Par un arrêt rendu en grande chambre, la Cour de justice de l’Union européenne se prononce sur un recours en manquement introduit par une institution de l’Union à l’encontre d’un État membre. Ce dernier avait adopté une loi réformant l’organisation de ses juridictions de droit commun, modifiant notamment l’âge de départ à la retraite des magistrats. Cette loi instaurait un âge de retraite de 60 ans pour les femmes et de 65 ans pour les hommes. Parallèlement, elle conférait au ministre de la Justice le pouvoir discrétionnaire d’autoriser les magistrats à poursuivre l’exercice de leurs fonctions au-delà de ce nouvel âge légal. Saisie par l’institution requérante, qui estimait ces dispositions contraires au droit de l’Union, la Cour était amenée à examiner la compatibilité de la réforme avec les principes d’égalité de traitement et d’indépendance de la justice. Après avoir écarté les arguments de l’État membre relatifs à une prétendue perte d’objet du litige, la Cour a procédé à l’examen des deux griefs soulevés. La question de droit qui se posait était double. D’une part, la fixation d’un âge de départ à la retraite différent pour les magistrats selon leur sexe constitue-t-elle une discrimination prohibée par l’article 157 du Traité sur le fonctionnement de l’Union européenne et la directive 2006/54/CE ? D’autre part, le pouvoir discrétionnaire accordé à un membre du pouvoir exécutif pour prolonger la carrière des juges porte-t-il atteinte à l’exigence d’indépendance juridictionnelle garantie par l’article 19 du Traité sur l’Union européenne ? La Cour de justice répond par l’affirmative à ces deux questions, constatant ainsi le double manquement de l’État membre. Elle juge que la différenciation de l’âge de la retraite constitue une discrimination directe fondée sur le sexe en matière de rémunération et que le pouvoir discrétionnaire du ministre de la Justice méconnaît le principe d’indépendance des juges.

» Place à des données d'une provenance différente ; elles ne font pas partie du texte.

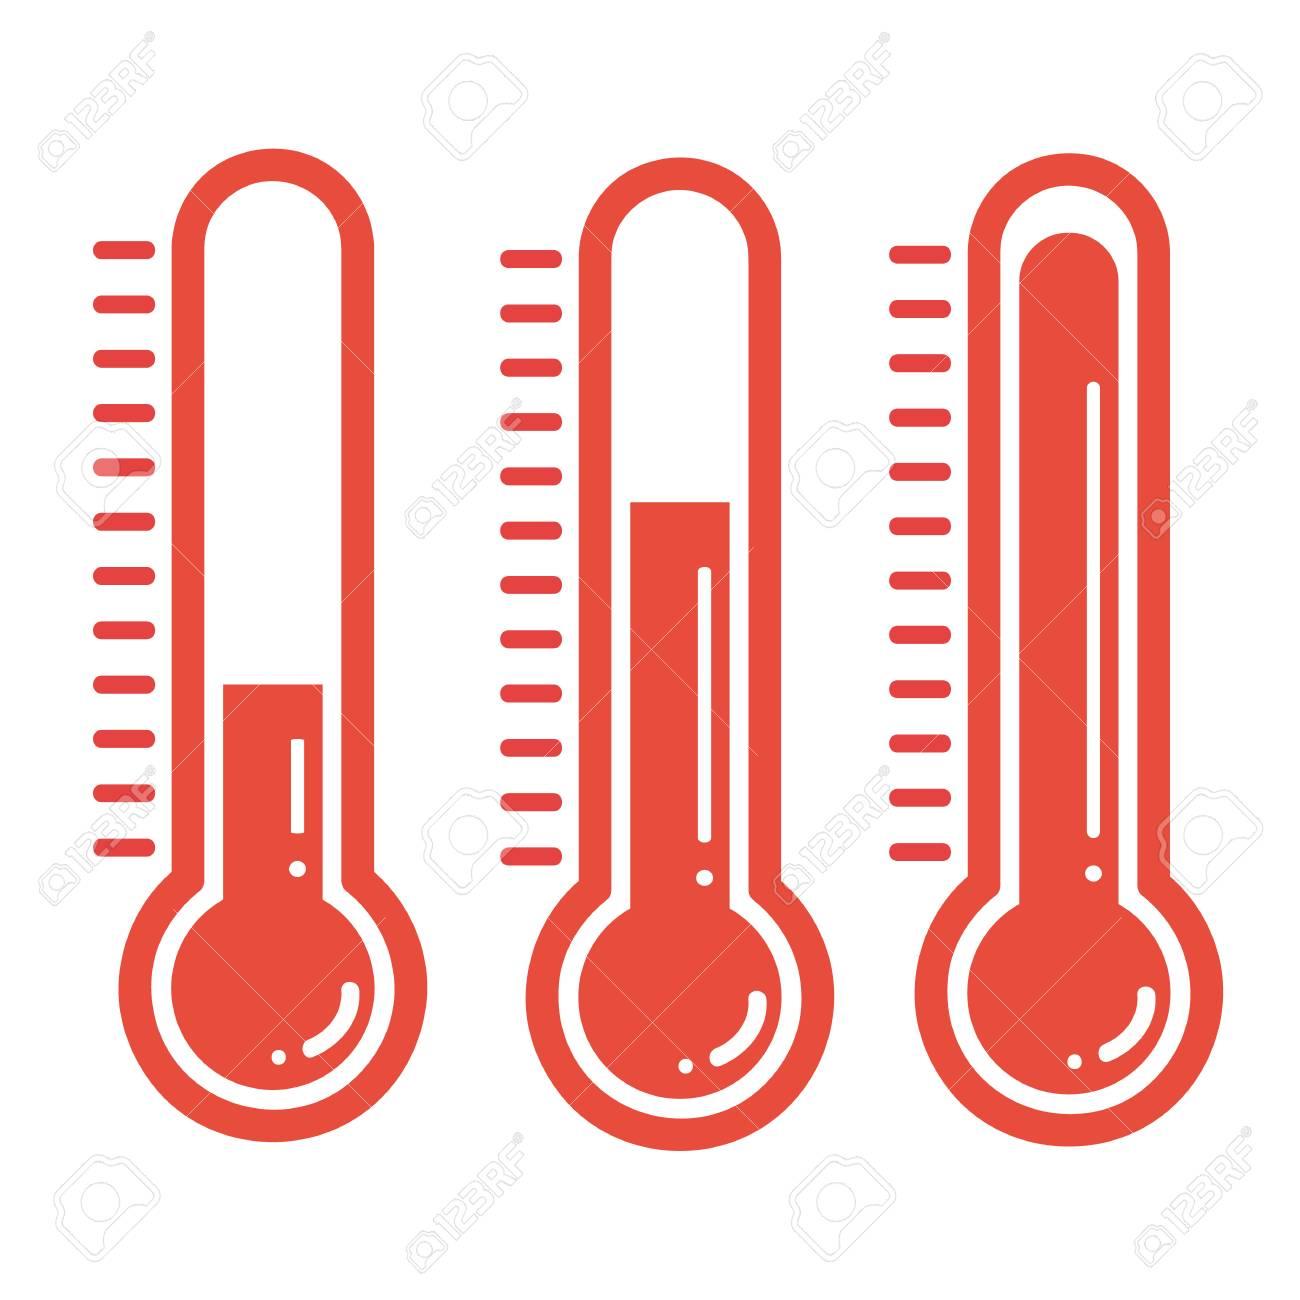 Los Termometros De Estilo Plano Y El Icono Del Termometro Icono Termometro Medico Ilustraciones Vectoriales Clip Art Vectorizado Libre De Derechos Image 65098039 Relacionados con el icono de automatización de termómetro. los termometros de estilo plano y el icono del termometro icono termometro medico

L’analyse de la Cour s’articule en deux temps, correspondant aux deux manquements constatés. Elle examine d’abord la violation du principe d’égalité de traitement en raison de la différence d’âge de la retraite (I), avant de se prononcer sur l’atteinte portée à l’indépendance de la justice (II).

I. La sanction d’une discrimination fondée sur le sexe dans l’accès à la retraite

La Cour commence par vérifier si les régimes de retraite des magistrats entrent dans le champ d’application du droit de l’Union en matière d’égalité de rémunération, ce qui lui permet de qualifier la mesure de discriminatoire (A). Elle écarte ensuite les justifications avancées par l’État membre, confirmant le caractère illicite de la différenciation (B).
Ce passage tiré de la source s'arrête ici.